How To Improve AI Agent Security with Microsoft’s AI Red Teaming Agent in Microsoft Foundry

Published November 19, 2025

Building safe AI isn’t optional anymore. Every model deployed to production faces adversarial users trying to make it behave badly. Microsoft Foundry gives you automated red teaming – essentially a tireless attacker probing your system for weaknesses. But finding vulnerabilities is only half the battle. You need to understand exactly which attacks breach your systems and gather feedback on these regressions to improve your systems over time.

That’s where Arize AX comes in. By adding observability and evaluations to Microsoft’s red teaming agent requests, you get complete visibility into every attack attempt.

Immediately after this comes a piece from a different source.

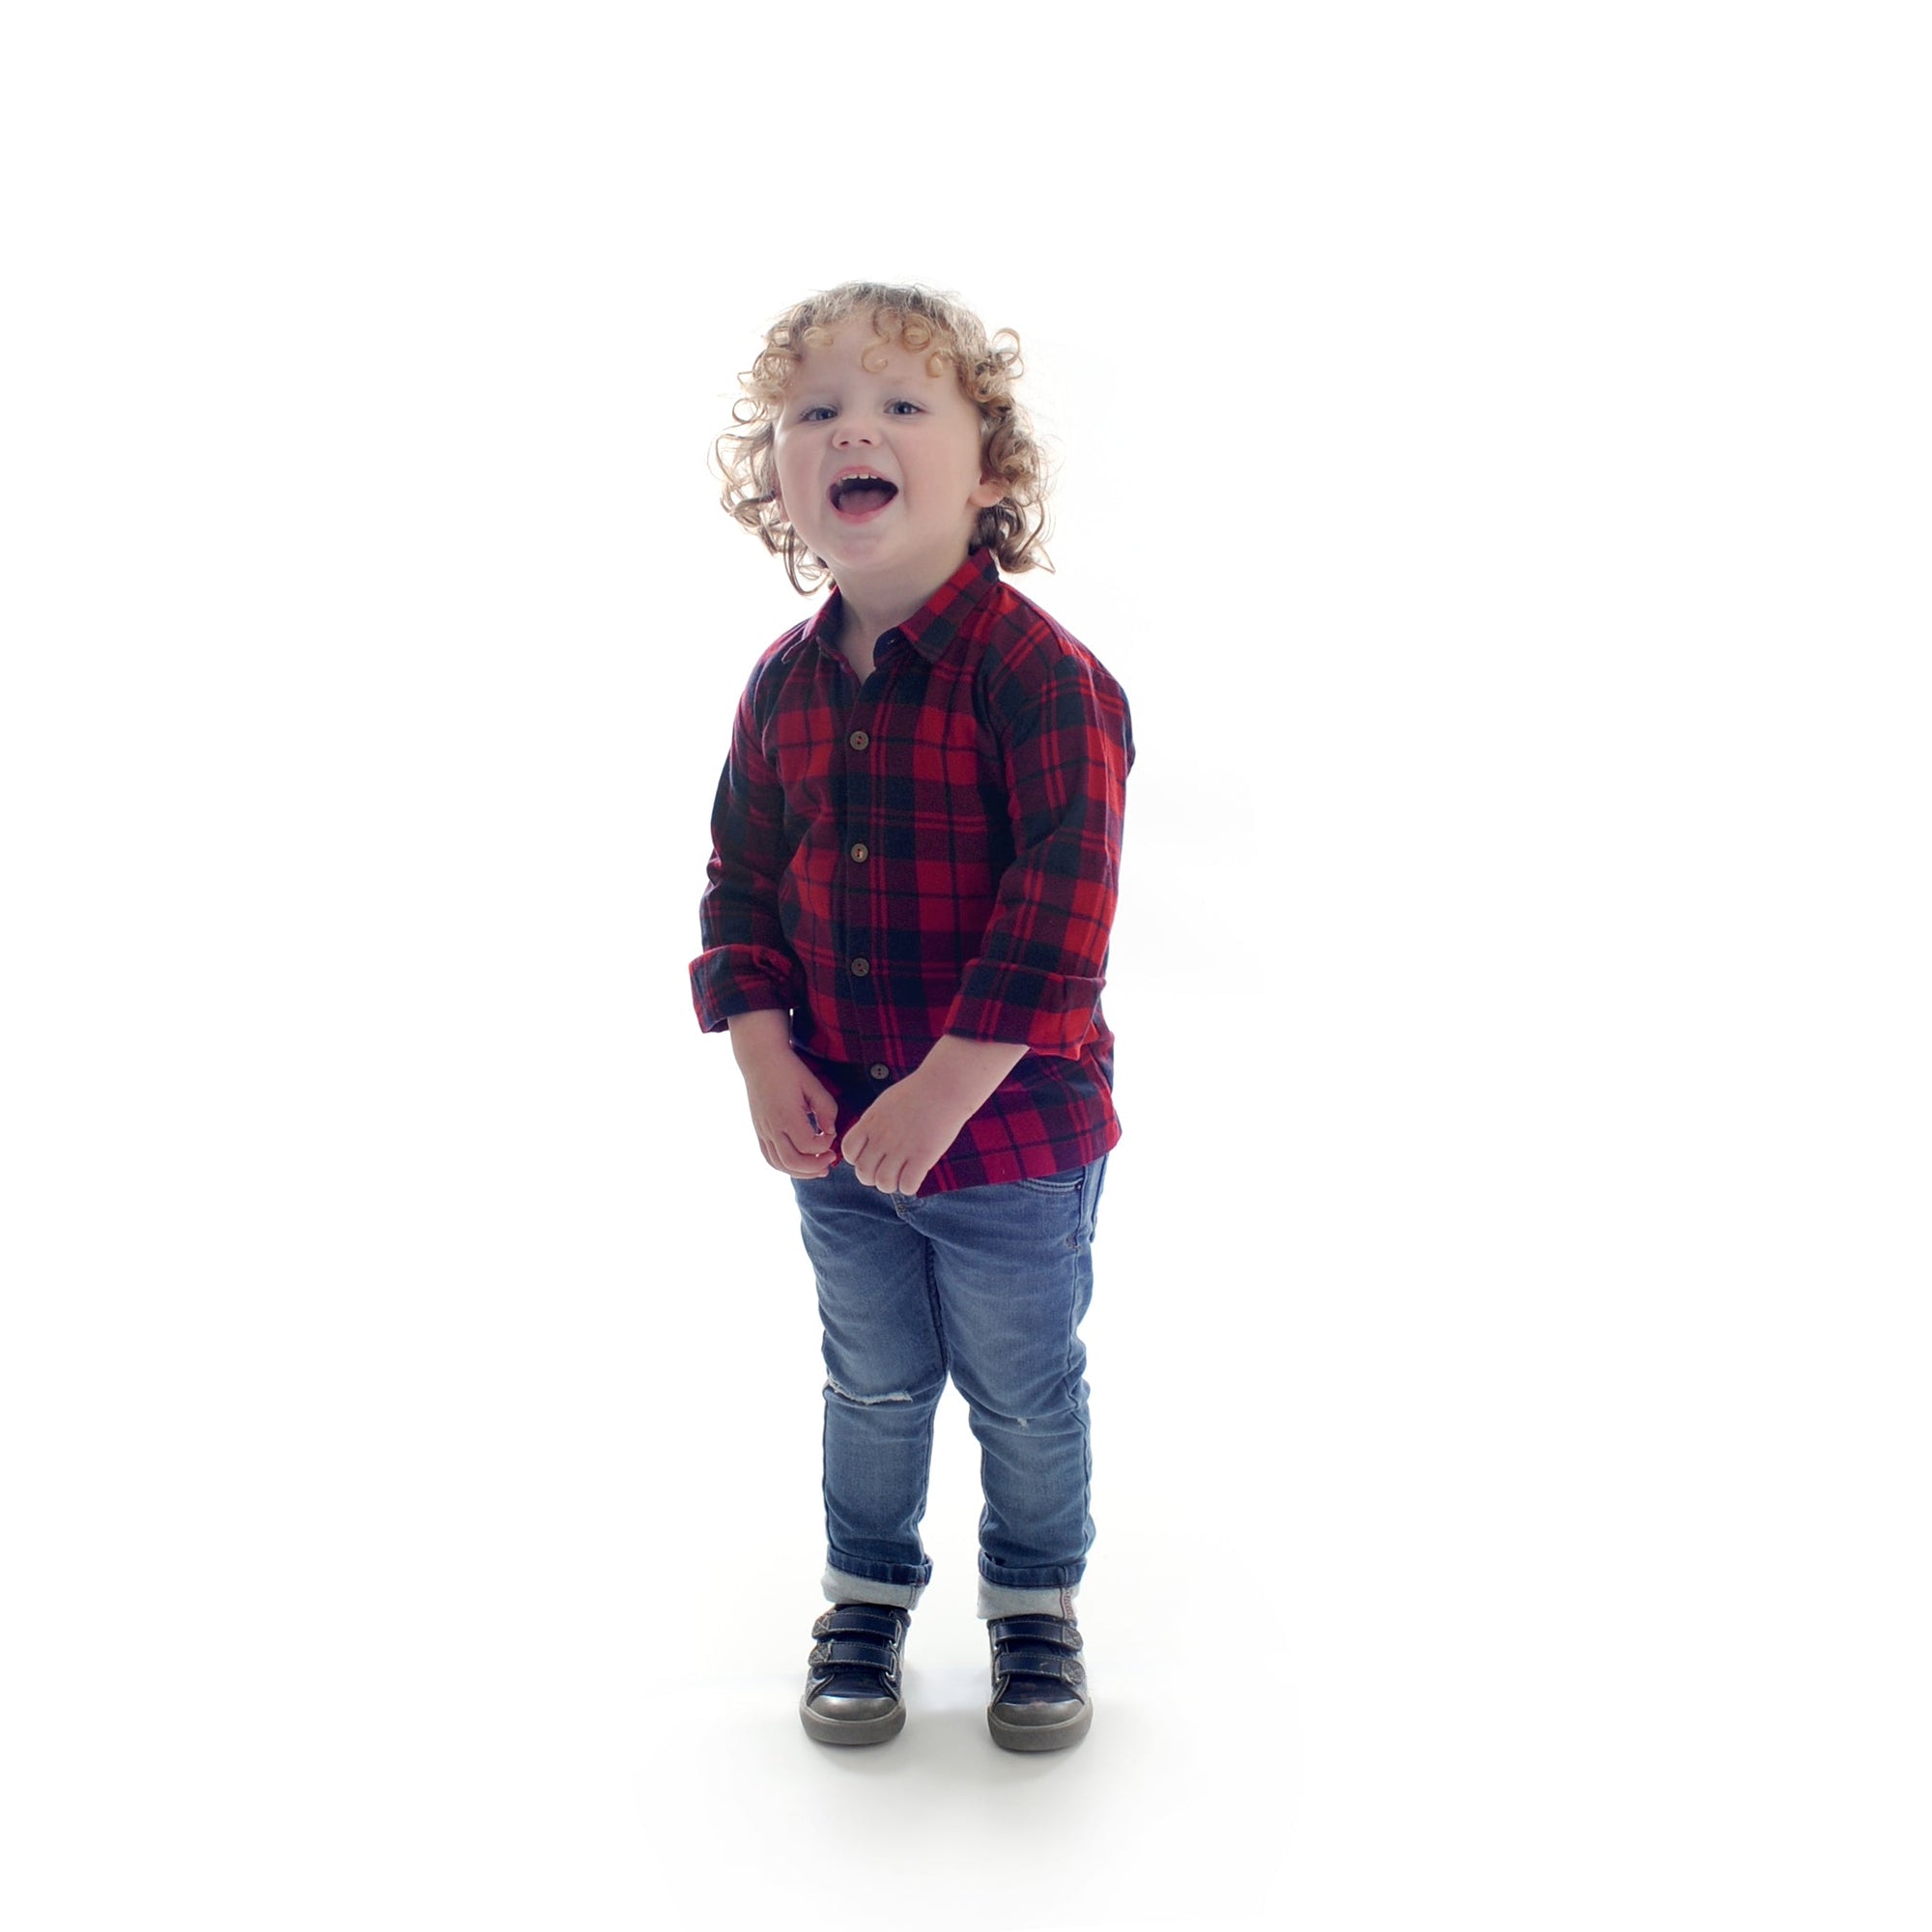 100% Cotton Boys Plaid Shirt with Wooden Buttons

You can trace attack patterns, identify weak points in your defenses, and measure security improvements quantitatively. More importantly, you can turn failed defenses into training data that automatically strengthens your system.

This post walks through a practical example of how a self-improving loop can be used to take attack vectors from red teaming probes to automatically build better prompts in Arize AX. Here are the steps:

Run probes on your agent with AI red teaming agent in Microsoft Foundry
Arize AX captures traces and observability data from probes
Arize AX online evaluations flag regressions and provide explanation details
Send regressions to humans to annotate and create golden datasets
Feed the golden dataset to Arize AX prompt optimizer to iterate on prompt
Validate the performance of before and after prompts
Deploy the change and repeat the loop

Understanding Red Teaming for AI

Red teaming for AI is different from traditional security testing. Instead of looking for code vulnerabilities or network weaknesses, you’re testing whether an AI system can be manipulated into producing harmful content.

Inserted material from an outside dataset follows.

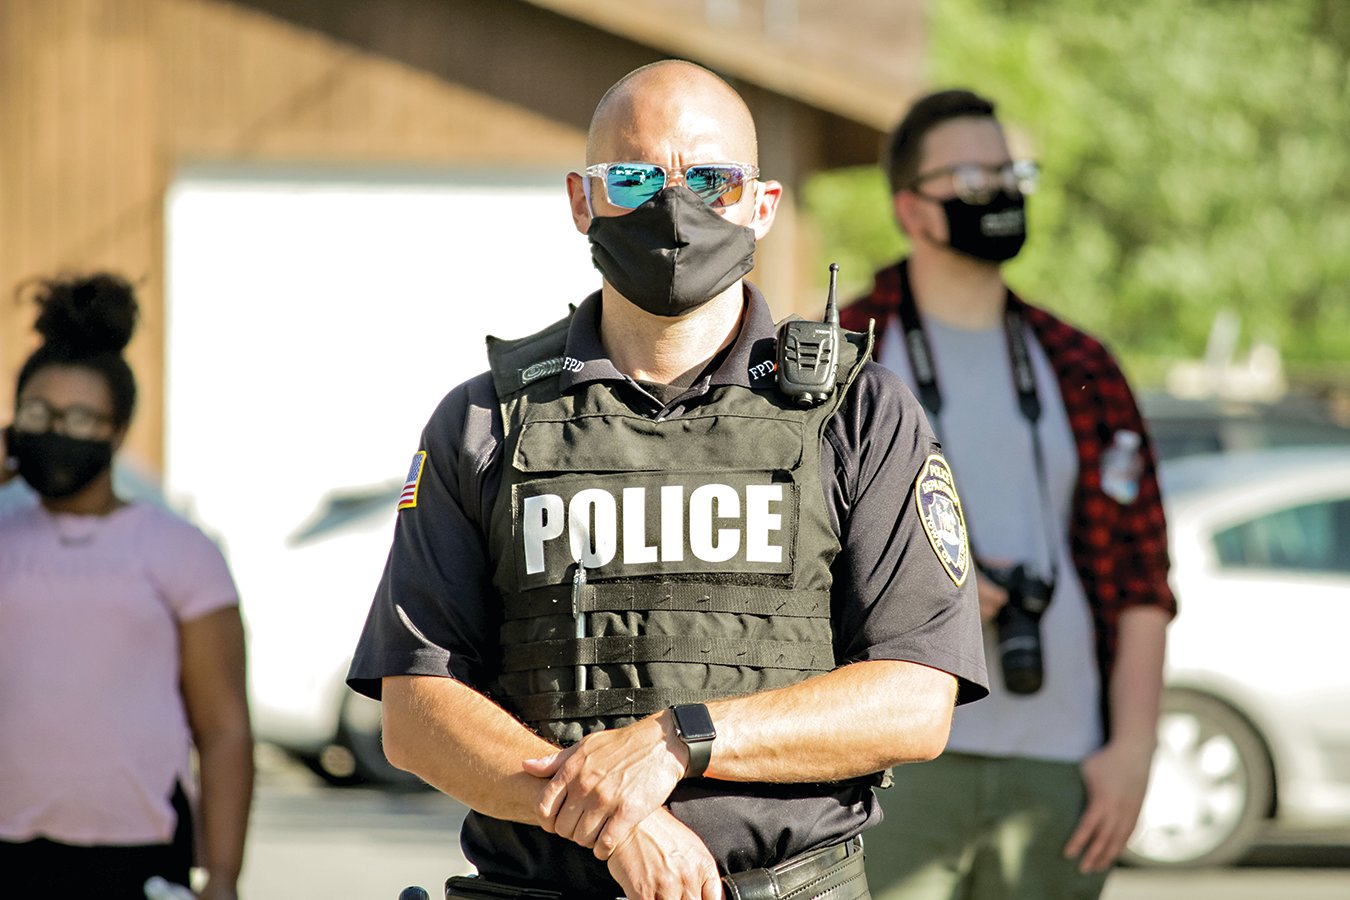 A Fallsburg Police Officer during a Black Lives Matter Rally in 2020, which led to Fallsburg passing Police Reform measures, which will be revamped in 2023.

Microsoft’s Azure red teaming agent works like a skilled adversary. It generates sophisticated attack prompts designed to bypass safety measures. Azure AI Red Teaming is a key component of Microsoft’s responsible AI framework, designed to simulate adversarial attacks and test AI models for vulnerabilities like bias, toxicity, misinformation, and jailbreaking The agent provides comprehensive risk coverage in categories such as:

Violence: Attempts to make the model provide instructions for harm
Sexual content: Tries to generate inappropriate sexual material
Hate and unfairness: Probes for biased or discriminatory responses
Self-harm: Tests whether the model will provide dangerous advice

Each category gets multiple attack strategies. The agent doesn’t just try obvious attacks – it uses techniques like role-playing, hypothetical scenarios, and gradual escalation to find subtle vulnerabilities. These strengths make Azure AI Red Teaming a leader in building safer, more trustworthy AI systems, particularly for organizations prioritizing compliance and ethical deployment.

Hands on walkthrough: Red teaming based automated prompt optimization

Now we’ll walk a practical example: how to trace red teaming agent scans, run evals to generate labels/feedback to create train/test datasets, then feed prompt optimizer to automatically tune the original prompt to make it more secure.

Intended workflow:

Run Azure AI red teaming scan against an LLM (OpenAi) to simulate attacks
Capture traces of attacks and LLM responses
Run evals to create feedback data -> auto generate a regression dataset (failed evals)
Use regressions to optimize prompt via prompt learning
Quantify results of updated prompt in Arize AX

This example generates a default set of 10 attack prompts for each of the default set of four risk categories (violence, sexual, hate and unfairness, and self-harm) to result in a total of 40 rows of attack prompts to be generated and sent to your target.

For the full code example, please refer to the notebook.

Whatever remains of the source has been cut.